Воевода был первейший охотник; в своей Муромской вотчине хаживал один на один на медведя, а здесь, в окрестных полях, гонял зайцев, травил лисиц, волков, был охоч и до соколиной потехи.

– Смута – смутой, а зверь – зверем. Самое разлюбезное дело – охота! – говаривал он.

Вот и теперь князь возвращался с охоты со своими друзьями-приятелями, приближенными, прихлебателями. У иных всадников были приторочены к седлам убитые зайцы и лисицы. Сзади псари тянули на смычках несколько свор борзых.

Впереди ехал сам Шаховской, Григорий Петрович, на сером аргамаке, резвость которого князь сдерживал сильной рукой. Кожаное седло по краям украшено серебряными бляхами. В металлический налобник коня вкраплено несколько алмазов. Повод, узда – ременные, с серебряными по ним узорами. Прямо и молодцевато держится князь в седле, хотя ему за пятьдесят лет. Серый шелковый кафтан ловко обтягивает фигуру сухощавого, широкоплечего всадника. Из-под синей парчовой шапки выбиваются черные кудри с сединой. Лицо, разгоряченное после любимой охоты, весело; отчасти добродушно, отчасти – себе на уме. Взгляд серых глаз под косматыми бровями решительный и быстрый. Губы резко очерчены. Усы закручены кверху на фряжский[27]27
  Фряжский – французский, итальянский.


[Закрыть]
манер. Длинная борода. Когда князь скакал в поле, она развевалась по ветру. Недаром недруги прозвали его длиннобородым чертом. На поясе – кривая турецкая сабля. За плечами – самопал, и турий рог. За поясом – пистоль, в руке – плетка. Оружие было ловко пригнано к воинственной фигуре князя.

Подъехав к хоромам, Шаховской быстро спешился, а за ним – и свита. Лежавший у крыльца лохматый воеводин кобель Буян, добродушный, ленивый, вскочил, радостно залаял, завилял хвостом. Князь его погладил и с приближенными быстро пошел в терем – к столу.

Большая столовая палата в четыре окна. Потолок расписан красками. На нем представлено «звездотечение, небесное движение, двенадцать месяцев и боги небесные». Он подпирался двумя толстыми круглыми столбами, расписанными травами, а стены – «аспидом», под мрамор. В углу печь с лежанкой, крытая синими изразцами, с замысловатыми рисунками на них. На лежанке грелись два жирных кота, черный и рыжий. По стенам развешано оружие. Длинные столы и лавки покрыты красным сукном. Для хозяина – дубовое кресло с высокой позолоченной спинкой. В переднем углу – большой киот с иконами в золотых и серебряных окладах, с зажженными лампадами.

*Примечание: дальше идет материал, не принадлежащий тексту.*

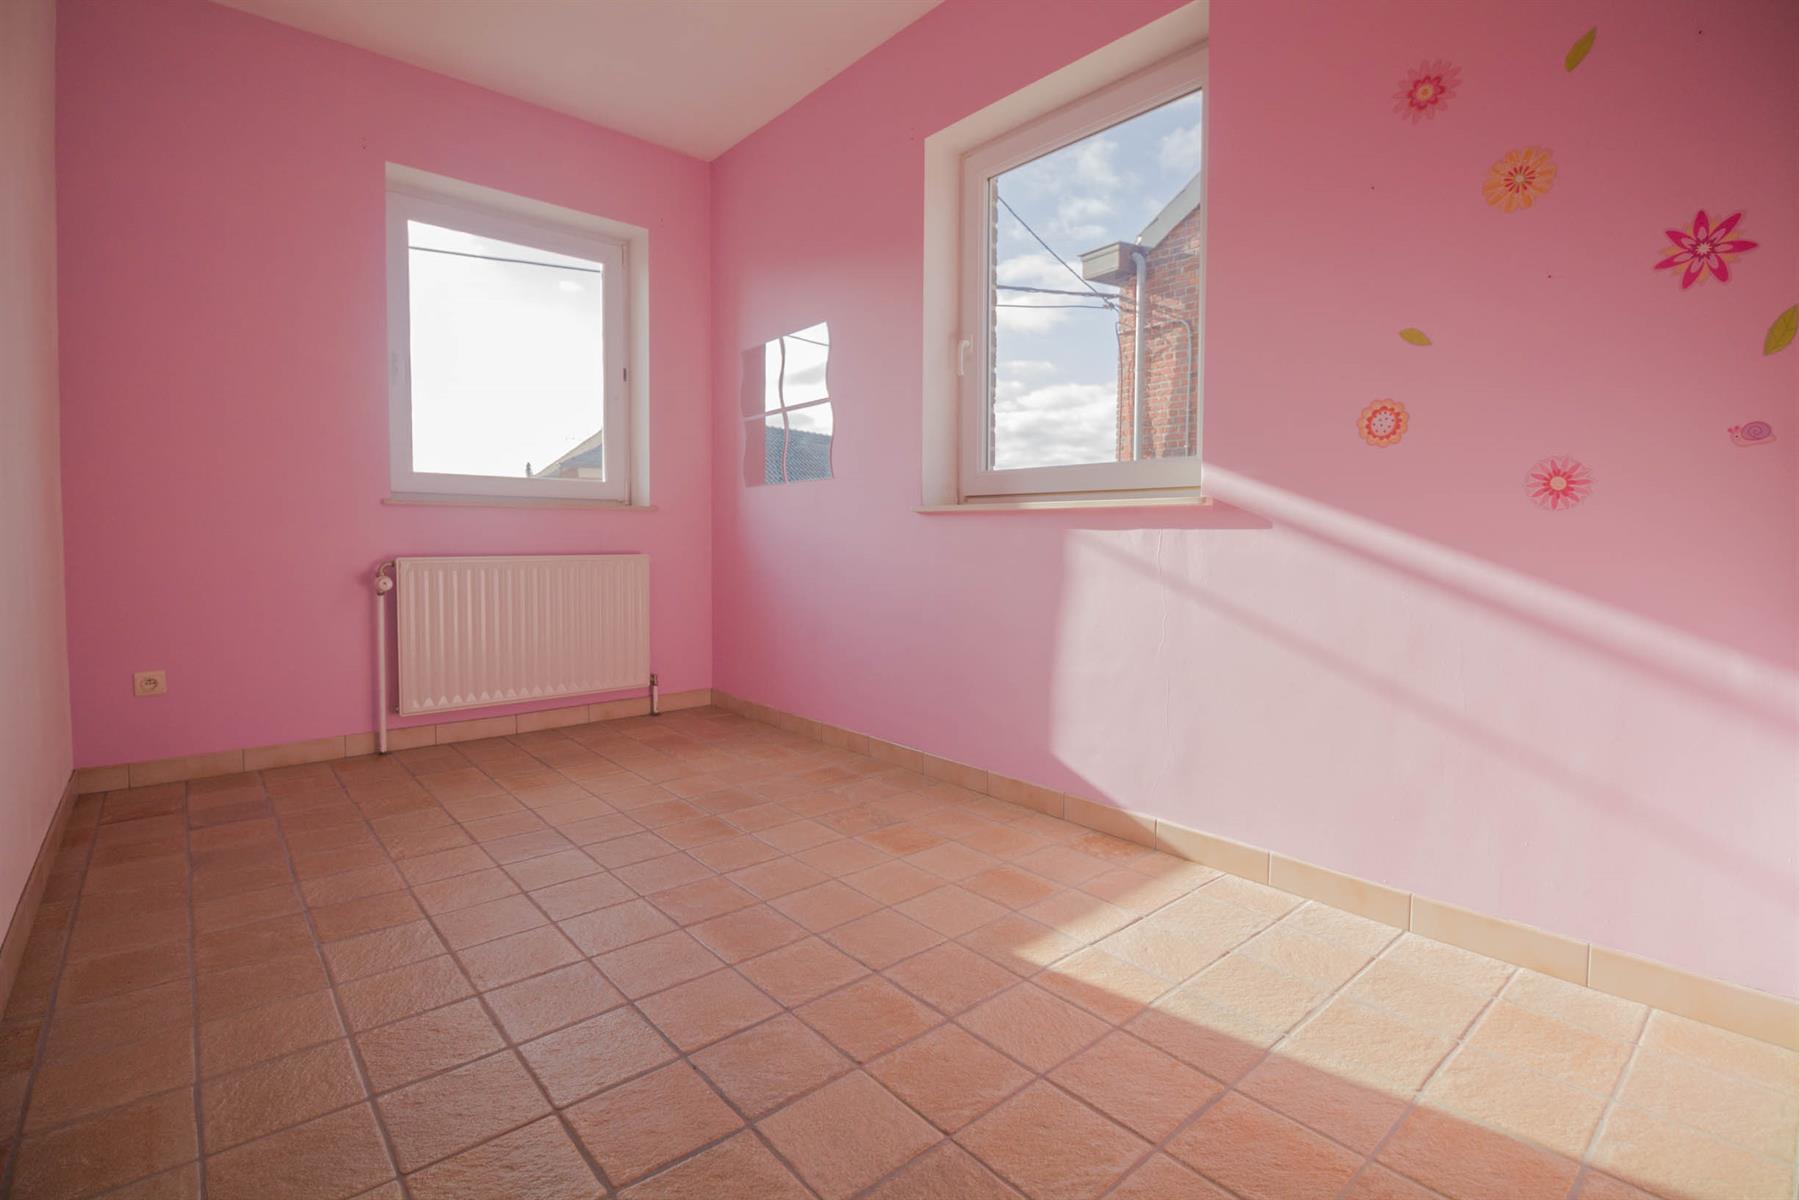 Appartement - Courcelles - #4226901-13

Все помолились, с говором расселись. Холопы стали разносить кубки, чары, наполненные «для сугрева» сначала травником. Хозяин встал, поднял серебряную чару, обвел очами пирующих:

– Ну, други мои, дворяне да приказные, да ратные и иные люди, выпьем за землю русскую, за царя Димитрия Ивановича. Грядет он снова престол свой отбирати у того ли злодея Шуйского, чтоб его дугой коробило, трясло да недужилось. А государю нашему законному, Димитрию Ивановичу, – многая, многая лета! Да хранит его господь бог со матерью божией и со угодники святыми, особливо с Николаем, чудотворцем мирликийским, споспешествующим всем странствующим и путешествующим на суше и на водах. Во веки веков!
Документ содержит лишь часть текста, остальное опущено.